Whānau Ora minister Peeni Henare can kiss Māori progress goodbye if he continues to allow other agencies to dip into its funding, the organisation's head has warned.
It comes as distinguished Māori leaders seek an urgent Waitangi Tribunal hearing over the government's handling of Whānau Ora funding.
The Whānau Ora policy allows Māori to control the funding and delivery of social services through its three Māori-led commissioning agencies.
It received an $80m funding boost over four years in the 2019 Budget, but North Island commissioning agency chair Merepeka Raukawa-Tait said not all of that money was going to Whānau Ora.
"From what we have seen, particularly in the last 12 months, we believe that the government is starting to undermine Whānau Ora," Raukawa-Tait told RNZ'sCheckpoint.
Peeni Henare, Merepeka Raukawa-Tait debate Whānau Ora
Raukawa-Tait said she was seeing funding being withdrawn, with government agencies adopting the 'Whānau Ora' brand.
"We do know that the additional funding has gone into government agencies and to a new initiative that they're calling the 'whānau ora initiative'.
"They're using that and saying that's the way they can develop policy that will be good for whānau. That money, the additional money, is actually needed by Whānau Ora, not by a government department, any government department - they have never known what's good for Māori."
She - along with Dame Naida Glavish, Dame Tariana Turia, Lady Tureiti Moxon and Dame Iritana Tawhiwhirangi - wrote to Prime Minister Jacinda Ardern in November last year expressing their concerns, but said they had not had a response.

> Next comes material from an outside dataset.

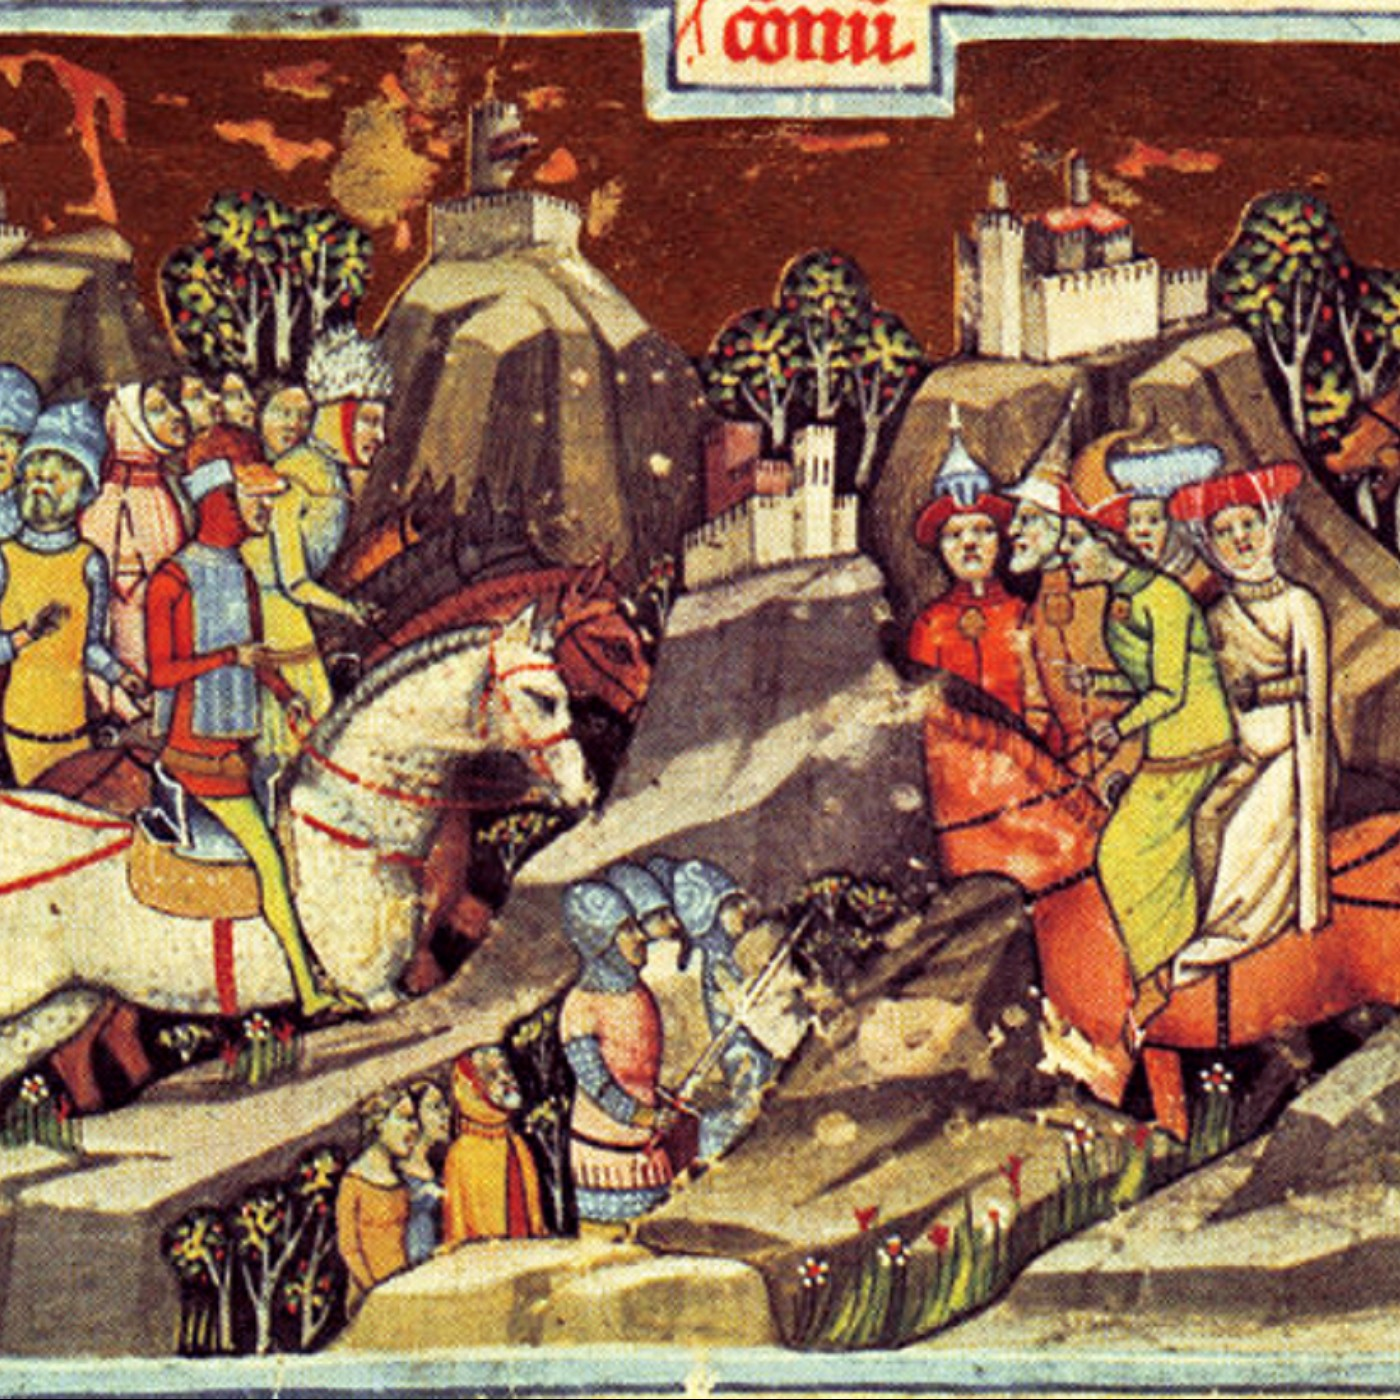 突厥簡史-庫曼欽察汗國900-1220,庫曼汗國繼承了基馬克汗國、可薩汗國、打下了中亞烏古斯葉護國、葛邏祿葉護國、花剌子模等,最後抵擋不住蒙古西征軍被收服成為拔都創建的欽察汗國的最主要組成份子 2021.07.18

They are now seeking an urgent Waitangi Tribunal hearing, claiming the government has breached the Treaty of Waitangi by refusing to adequately and transparently fund Whānau Ora.
Of the $20m extra funding Whānau Ora was promised last year, only about $5m was received by the commissioning agencies.
Raukawa-Tait said that did not make any sense, and she had a message for the Minister of Whānau Ora, Peeni Henare.
"Be the minister that we want to have confidence in. At this present moment we do not.
"If he does not understand his role and our expectations of him than you can kiss Māori progress goodbye for the next two decades."
She said if he continued to allow government agencies to use its funding, Whānau Ora faced destruction by stealth.
Henare denied any of the Whānau Ora funding was going to other government agencies, and said the move was politically motivated.
He said the three commissioning agencies would receive a further $42m and the rest had been ear-marked for new Whānau Ora initiatives - including one to support people who had whānau in prison.
"We've held on to some of the money ... to allow us to explore how we might be able to support Whānau Ora," he said.
"Some of the money has already been allocated to growing whānau ora through commissioning, some of the money currently sits there while the co-design of new initiatives is under way - and, namely, the one with the corrections agencies.
"That money has not gone to Corrections, a correctional facility or the Minister for Corrections. I can guarantee that none of the money has gone back into government pockets or government agencies."
Multiple reviews into Whānau Ora, including an independent review in 2018 have found the policy works, but its funding and resourcing are not enough to meet demand in some areas.
Henare said it did not matter where the support was coming from as long as whānau were getting the help they needed.
"My job isn't to please commissioning agencies, my job is to make sure that whānau - whereever they might be - get the whānau ora support they deserve.
"We made it clear that in order for whānau ora to grow off the back of the review that we were to push whānau ora to have support from other government agencies."
Lady Tureiti Moxon, the director of a leading Whānau Ora health provider in Waikato, said the minister should be backing the Whānau Ora Commissioning model which had been proven to change people's lives.
"We can look after our own people, we can do this for ourselves, but if the government is going to hold back funding there's no way that we can actually develop and grow ourselves because the demand is huge.
"You do what you can with the resourcing that we're given but when you compare it to what other government agencies are getting, it's miniscule."
The claimants said they wanted the Waitangi Tribunal to recommend urgent systemic changes to the way Whānau Ora funding decisions are made so further prejudice against Māori could be avoided.